In “Inky-do,” Henry Harper tells Dewey and his friend Ned Foster his particular spin on the Epic of Gilgamesh, in which he mixes Mesopotamian myth with spaceships and Bigfoot. One of Harper’s outlandish beliefs is that he has a Bigfoot friend called “Old Stinky Joe” that lives in the woods of his mountain property, as seen in the story “Report on the Strange Case of Lt. Henry Harper.” In the novelette “Suicidal Gods,” Ned narrates the coming-of-age tale of his friendship with Dewey growing up as outcasts in Dogleg Bend. The story also chronicles the changes in the national political climate, as 9/11 unleashes a wave of collective, misplaced anger that impacts daily life in Dewey and Ned’s small town.

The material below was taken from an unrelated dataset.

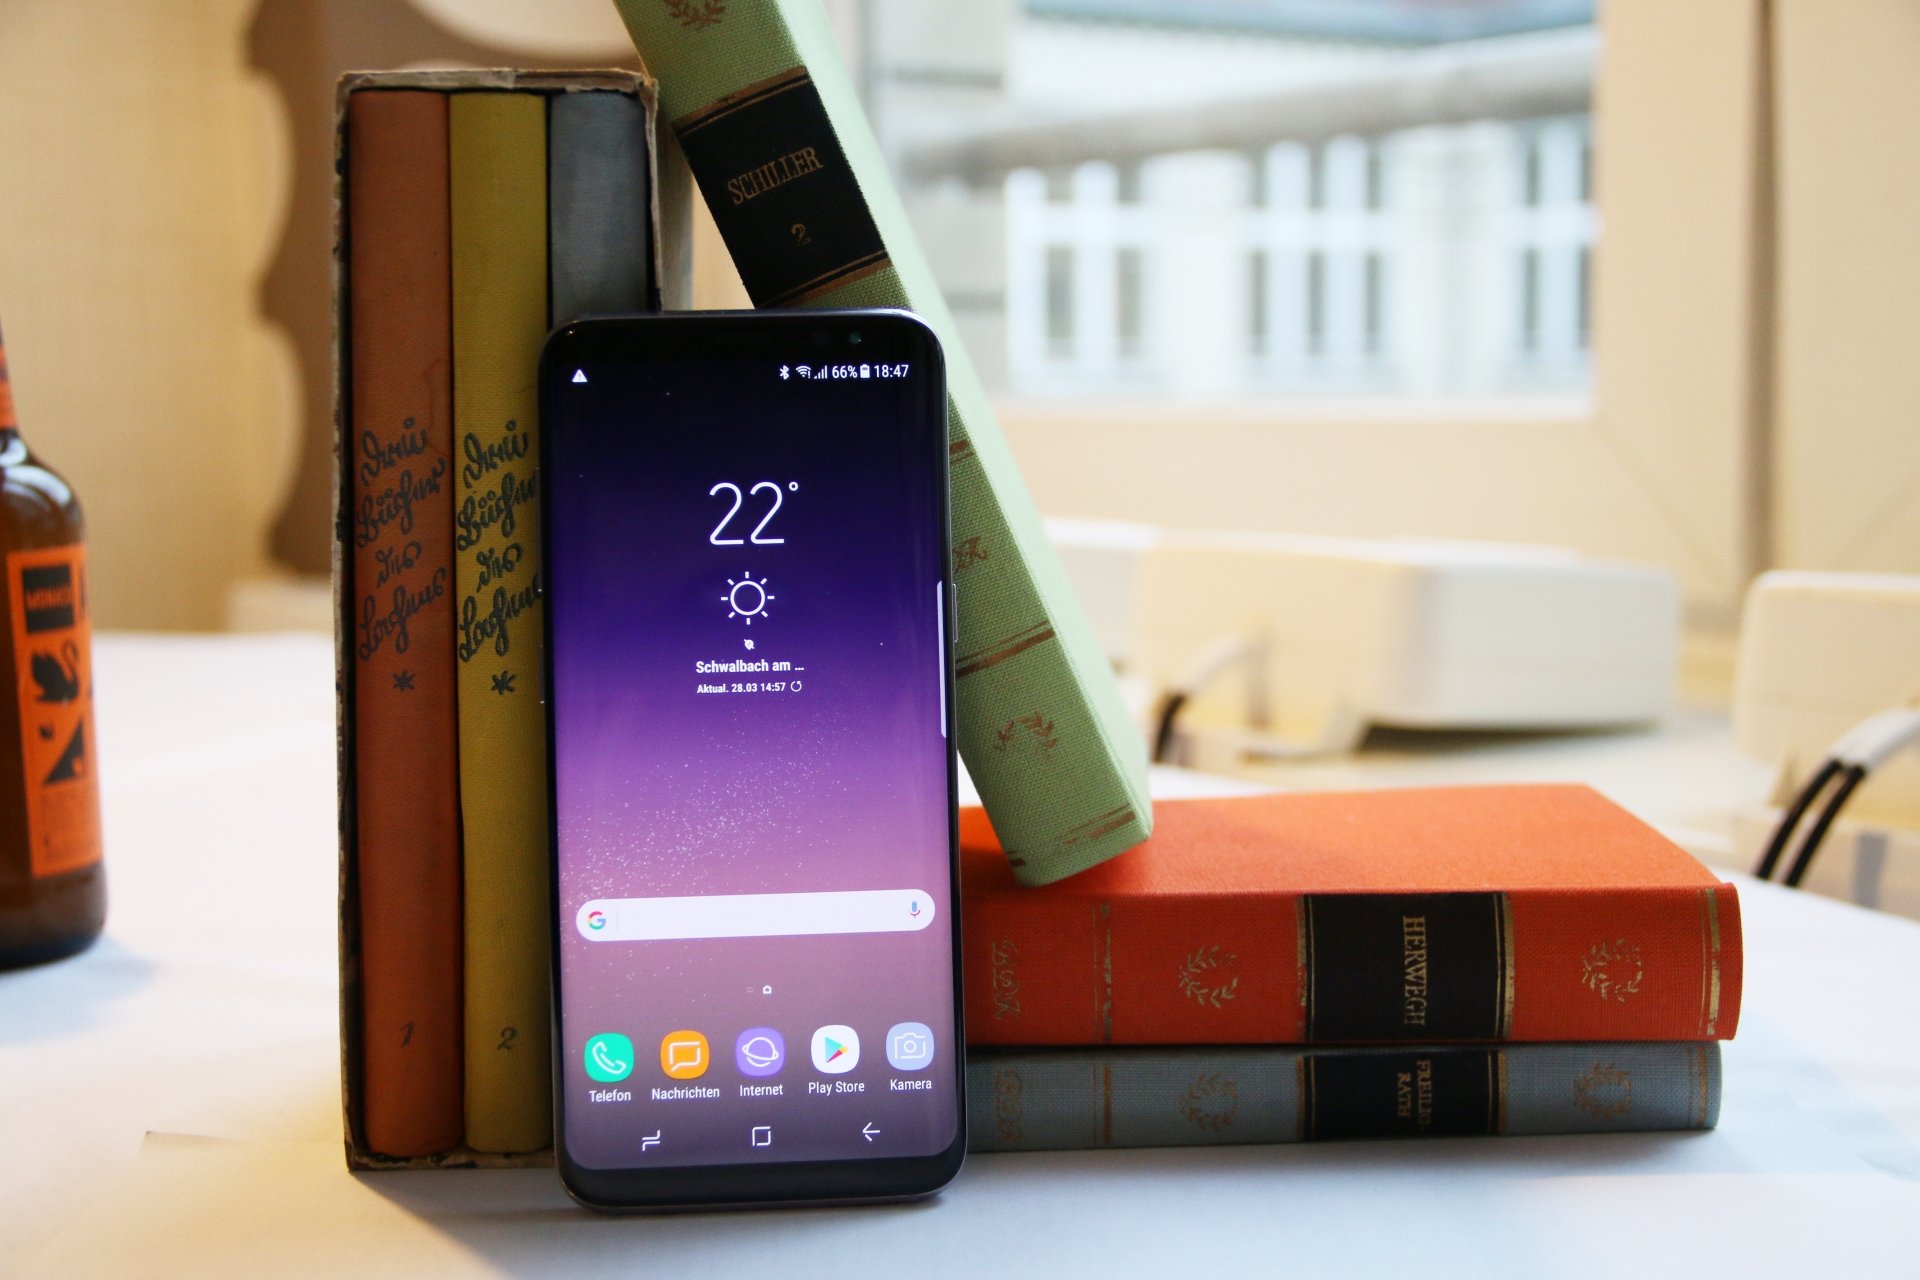 Download the wallpapers and ringtone of the new Galaxy S8

Prior to Suicidal Gods, C.M. Chapman published the chapbook Music & Blood as well as numerous short stories in literary magazines and online journals. This new collection displays a self-assured voice that can deftly spin stories from faux folk tales to hardscrabble drama.

— Gonzalo is a writer born in Texas, raised in Chile, and currently living in Shepherdstown. His books have been published in Spain and Chile, and his fiction has appeared in Boulevard, Goliad, and The Texas Review, among others.